Zebra mussel spread prompts concerns about visitors to Grand Beach
The spread of zebra mussels in Lake Winnipeg is prompting concerns about people coming to visit Grand Beach Provincial Park.
On Tuesday, large gobs of zebra mussels covered a rocky shoreline in Grand Marais, a short distance from Grand Beach.
"It's disappointing," said Scott Preston, who has been coming to visit the area for 25 years.
Preston said pretty soon children will have to wear shoes along the beach and in the water to protect their feet.
Cola Hasch works at Gray's Station, which sells food to beachgoers. She said it's the talk about zebra mussels at the beach that's been horrible, not the zebra mussels themselves.
Hasch said she plays with her 16-month-old son Archer on the beach and in the water all the time.
"We found a few between me and my baby but they were really soft and they broke up really easily, for me it's not a concern playing with him," said Hasch.
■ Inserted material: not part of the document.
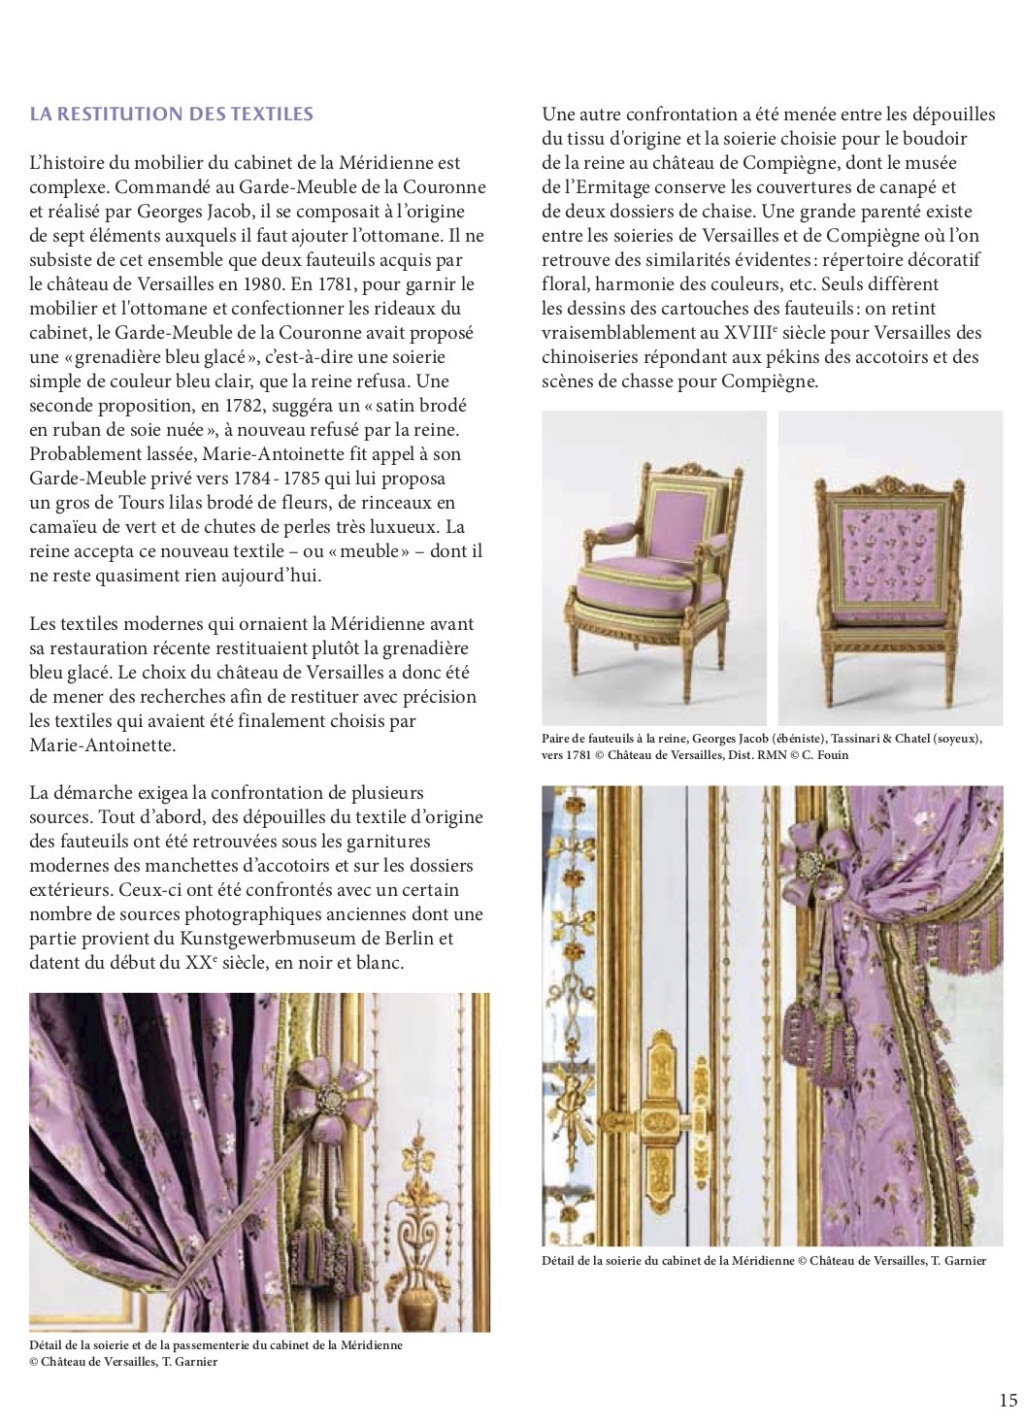 Les cabinets intérieurs de Marie-Antoinette au château de Versailles - Page 3 Dp_cab17

She's concerned people will stay away from Grand Beach because a large amount of zebra mussels have been found nearby.
Scott Higgins is a research scientist with the IISD Experimental Lakes Area, based in Winnipeg.
Higgins said there are beaches along the Great Lakes that have been covered with shells in the past, but it doesn't necessarily mean the health of the lake will be drastically harmed.
"There's been comments like that, Lake Winnipeg is dead, the zebra mussels are the last straw for Lake Winnipeg, but that’s simply not the case," he said.
"All of the Laurentian Great Lakes have zebra mussels in them, they’re not dead, they have fisheries in them, they have food webs, it just means there are going to be changes to the way Lake Winnipeg operates.
Higgins said zebra mussels have been confirmed in four bodies of water in Manitoba: Cedar Lake, Singush Lake in Duck Mountain Provincial Park, the Red River and Lake Winnipeg since 2013.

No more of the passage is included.